The data warehouse is a textbook example. What originated from a need to concentrate critical corporate data into one easy-to-find and easy-to-analyze location is today fueling IT's version of suburban sprawl -- with more users seeking access to ever-increasing volumes of data, more servers, and more power are required, along with more storage space and more IT resources. In fact, a recent article on data center overload in The New York Times Magazine stated that "the number of servers in the United States nearly quintupled from 1997 to 2007" (see Note 1).
However, "more" comes with a cost to both businesses and the environment.
61 Billion Kilowatt-hours of Data
Data warehouses, and the data centers that house them, require an enormous amount of power, both to run legions of servers and to cool them. According to U.S. News & World Report, "nationally, data center electricity use has more than doubled between 2000 and 2006, and is expected to double again by 2011" (see Note 2). In 2007, the Environmental Protection Agency revealed that data centers account for 61 billion kilowatt-hours of electricity annually and cost $4.5 billion a year, which, also according to the report, "is about 1.5 percent of the country's total electricity consumption, or enough to power 5.8 million households." That's nearly 12 million households by 2011 if the growth predictions hold.

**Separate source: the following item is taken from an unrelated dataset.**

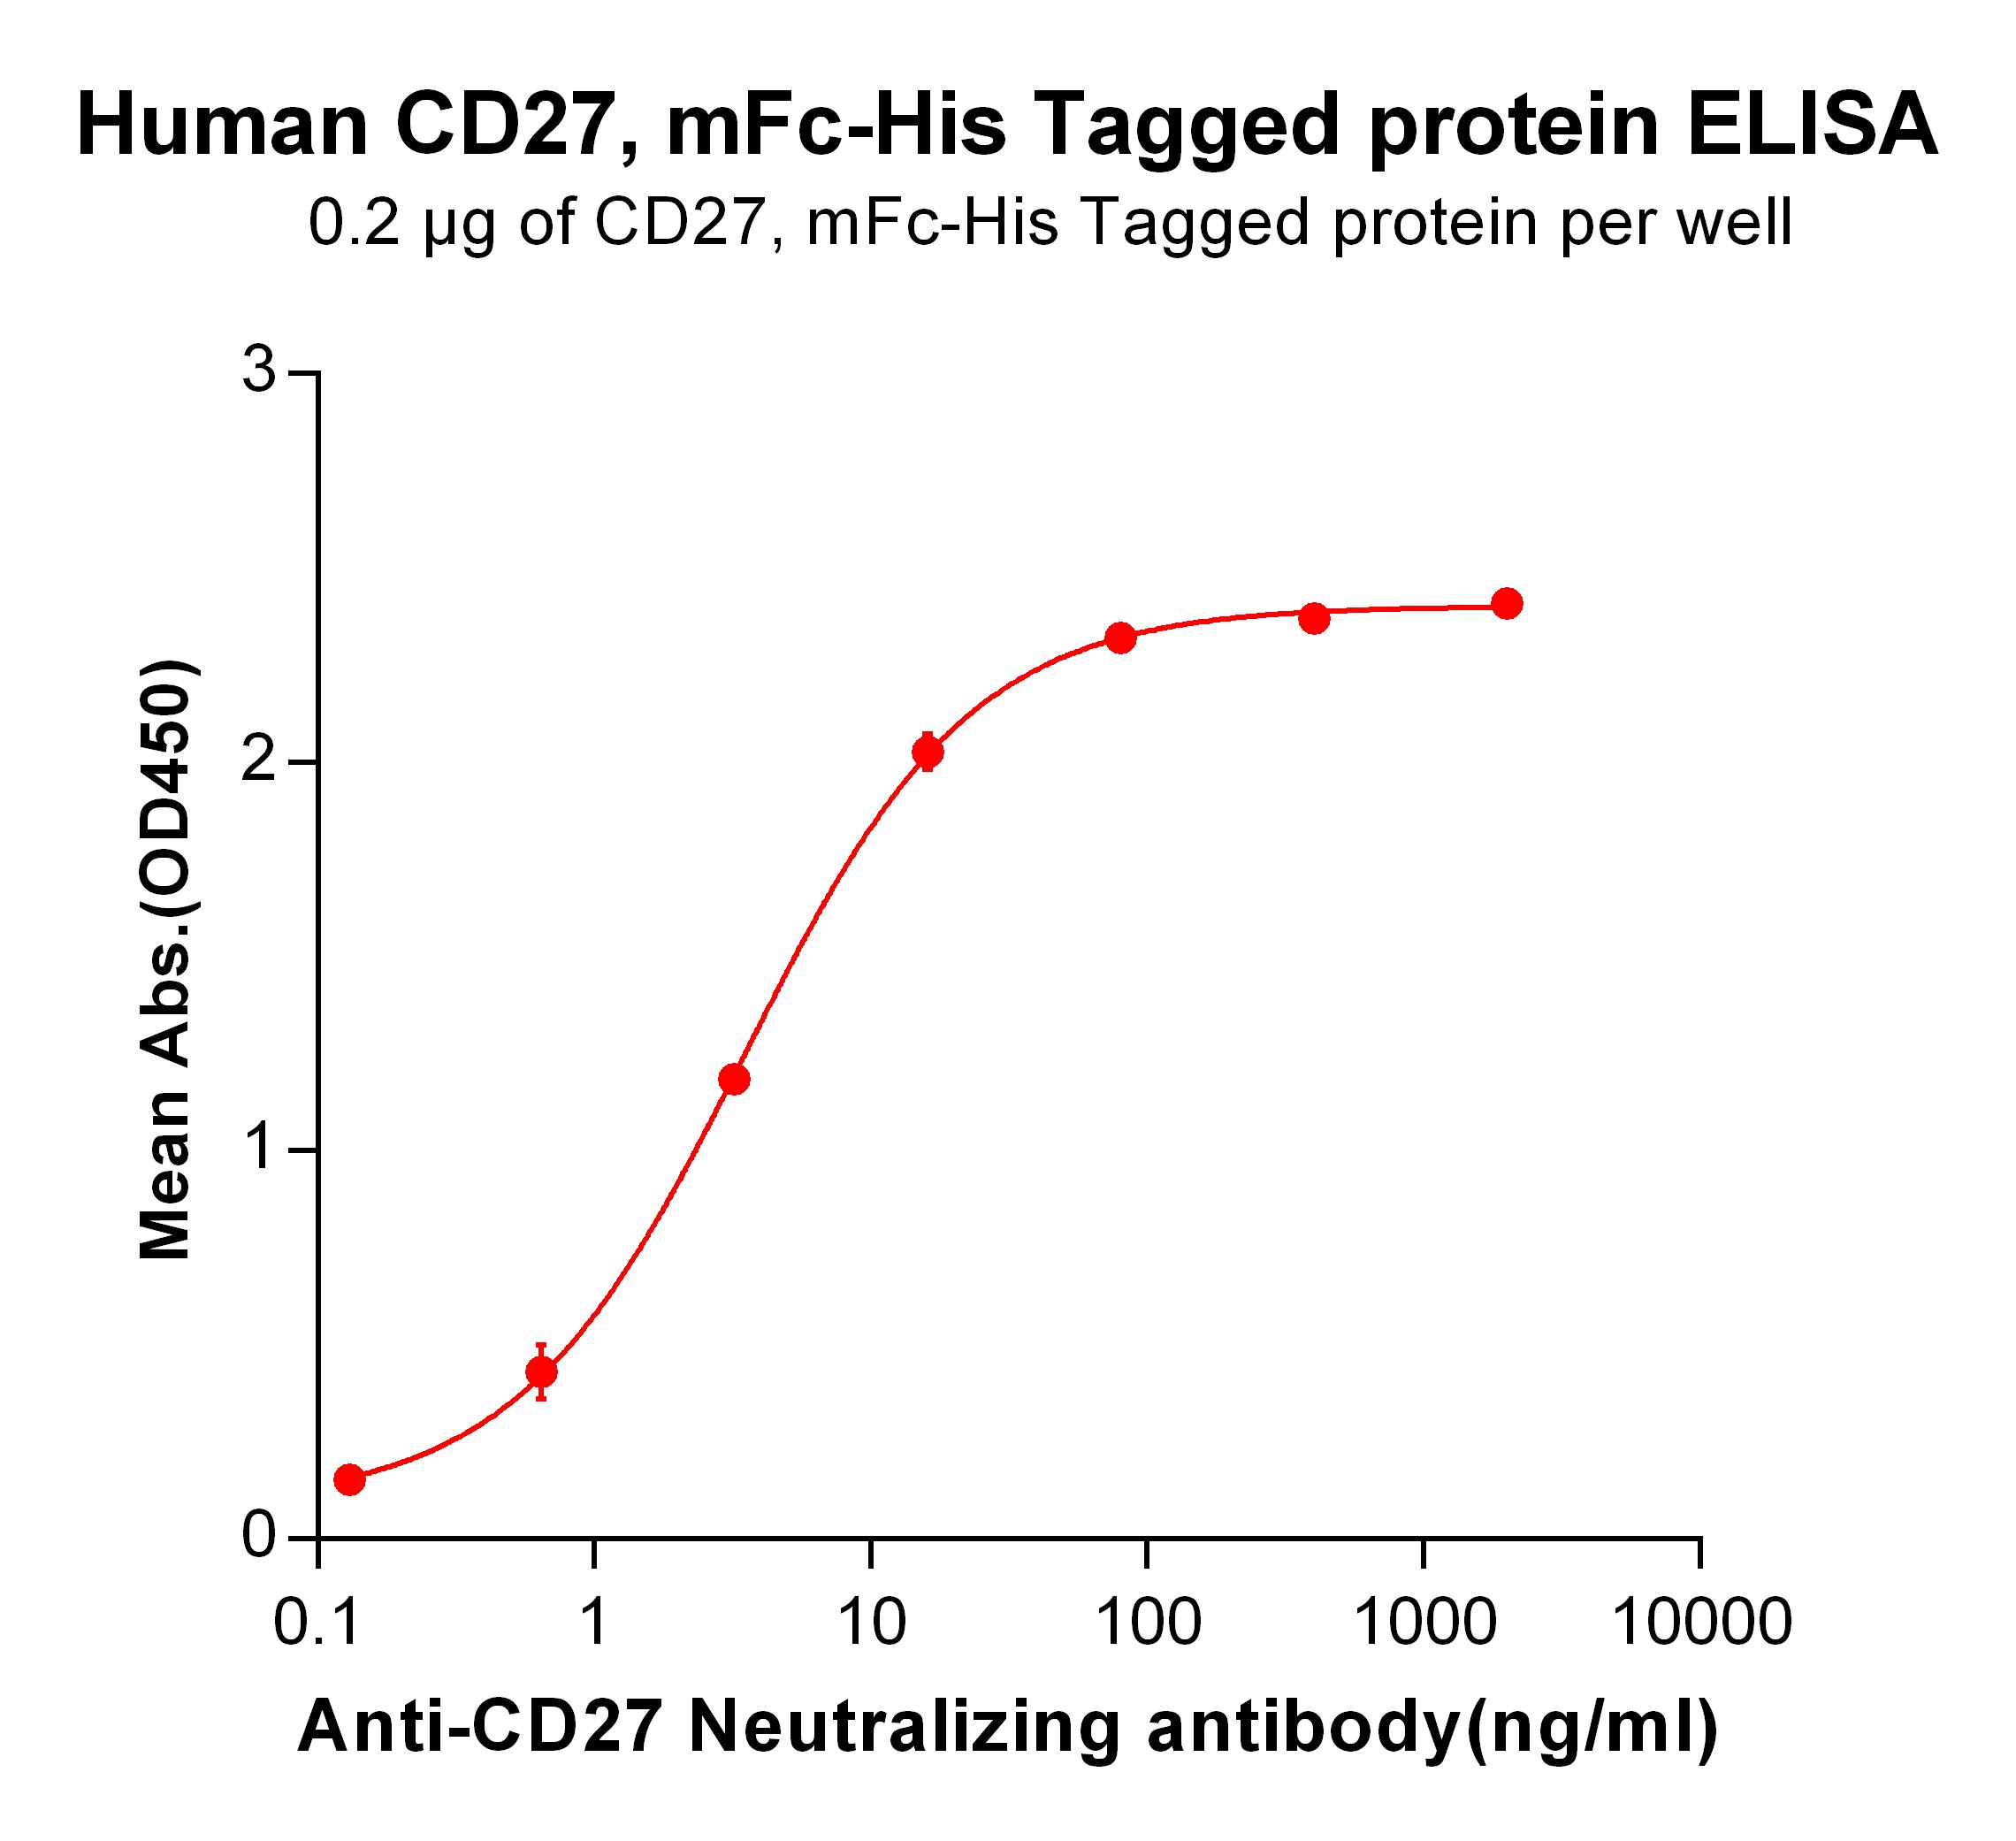 Figure 2. ELISA plate pre-coated by 2 µg/ml (100 µl/well) Human CD27, mFc-His tagged protein  can bind Anti-CD27 Neutralizing antibody  in a linear range of 0.64-16.0 ng/ml.
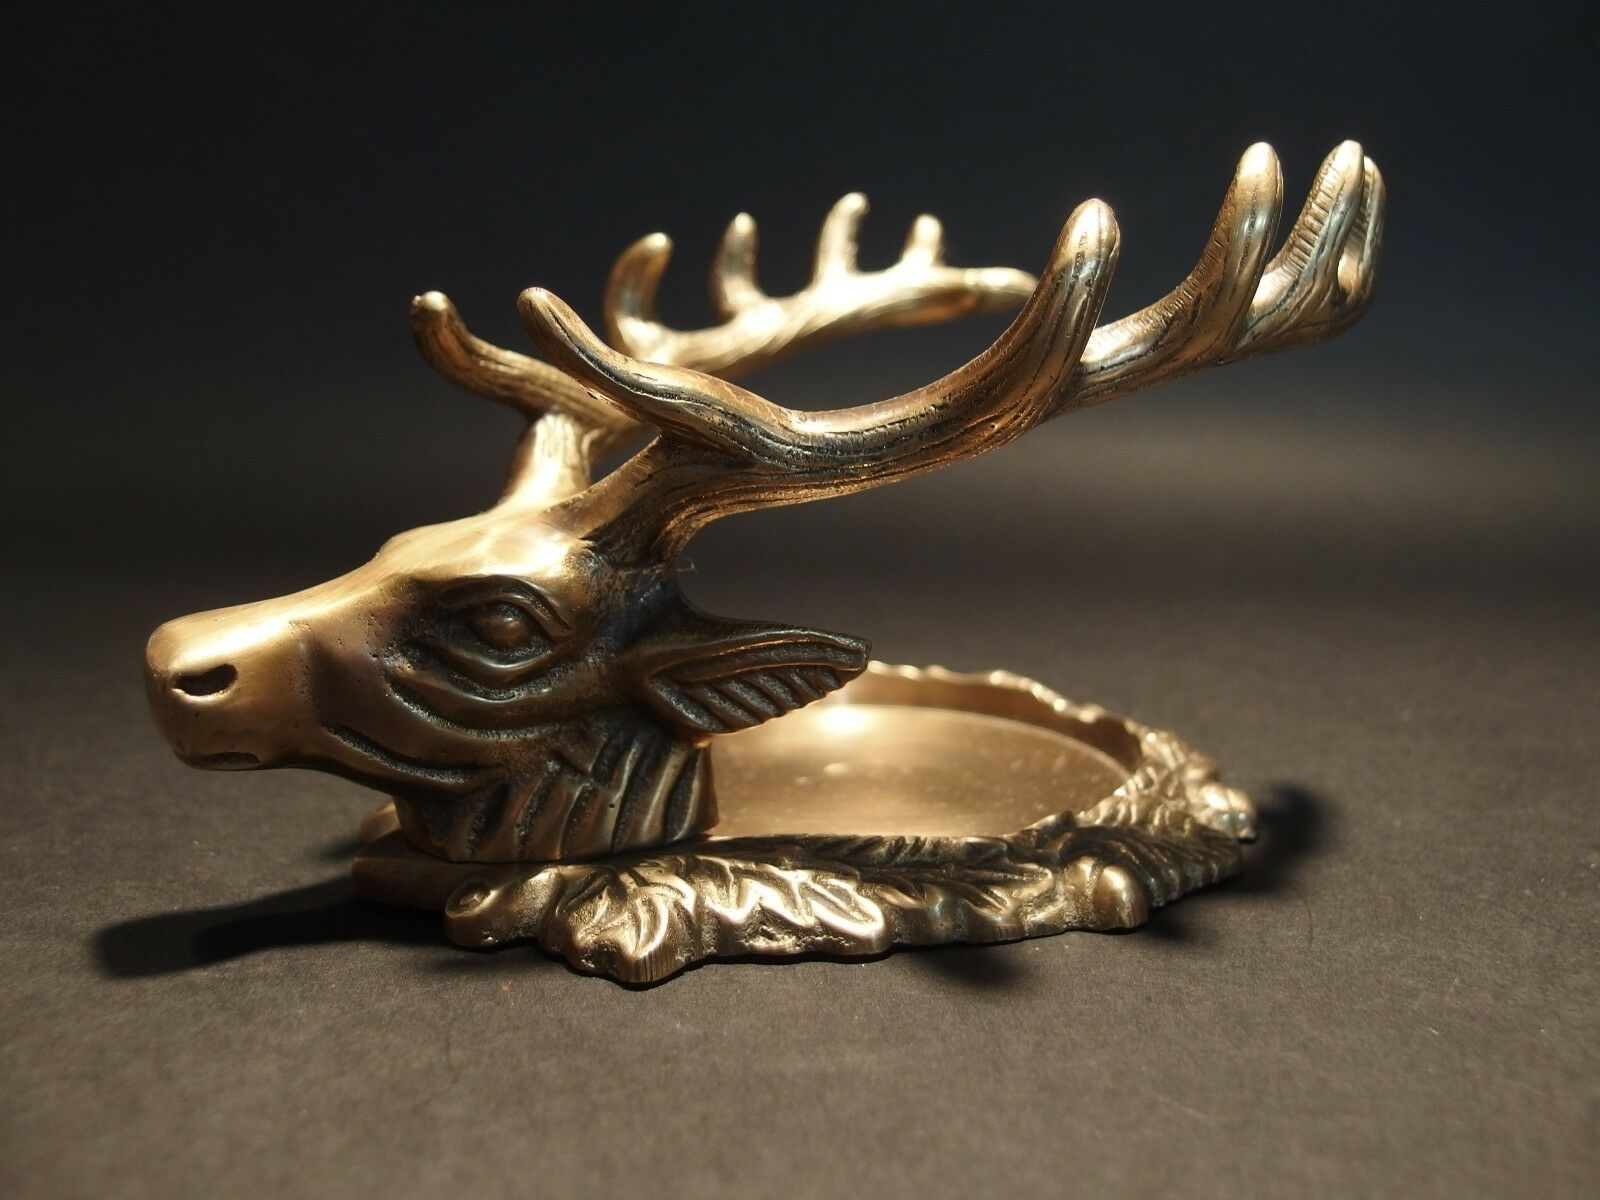 Antique Style Brass Elk Deer Stag Pen Inkwell Holder Desk Stand - Early Home Decor

For today's businesses, finding greener ways to store and analyze data will benefit the environment and the bottom line. To reap these benefits, organizations must look beyond traditional data warehousing approaches and embrace a new generation of technologies to create leaner, more efficient, and more cost-effective solutions.
Traditional Data Warehousing: Costly, Inefficient, and Massive
For several years, traditional data warehousing approaches have changed little. The market is dominated by proprietary, appliance, and hardware-centric solutions that need to be custom configured to address specific data management tasks, such as the analysis of financial transactions or call center data. Because of the significant IT resources involved in setting up and maintaining these data warehouses, the sales cycles are long, the costs are high, and the resulting systems are inflexible.
For example: it's not uncommon for a large organization (such as a telecommunications provider) to have 20-30 database administrators on staff just to handle requests from business users who want to run analyses different from the canned reports they are permitted to see. Because changes to traditional data warehouse configurations require a fair amount of effort, obtaining real-time analysis is challenging even when information requirements are relatively static. In highly dynamic business environments, it's nearly impossible.
Then there's the hardware issue. Due to a combination of drivers -- including the proliferation of online business transactions, regulatory requirements governing information storage, and ever-growing demands for in-depth analytics -- the data management needs of most organizations have exploded in recent years. Data volumes in the average data warehouse are increasing by gigabytes every day, and the traditional response has been to throw hardware at the problem, including more powerful servers and larger storage arrays. The result is a massive infrastructure footprint, with massive space, resource, maintenance and energy requirements.
The IT industry has begun to address the problem of energy consumption in the data center with a variety of approaches, including using more efficient cooling systems, blade servers, storage area networks, and virtualization. Organizations also need to start looking at how to minimize the amount of space and resources that their data take up in the first place -- a challenge that is beginning to be tackled with the help of technology advancements.
Data Warehousing Taps into New Technology and Open Source
How does data warehousing address the challenges involved in "going green"? The answer is a combination of new database technology designed for analysis of massive quantities of data, with open source software that leverages commodity low-cost, energy-efficient software and hardware. Together they reduce the need for expensive hardware infrastructure and the energy required to power it.
Let's take a closer look at the three key areas where new solutions for data warehousing are making a big difference.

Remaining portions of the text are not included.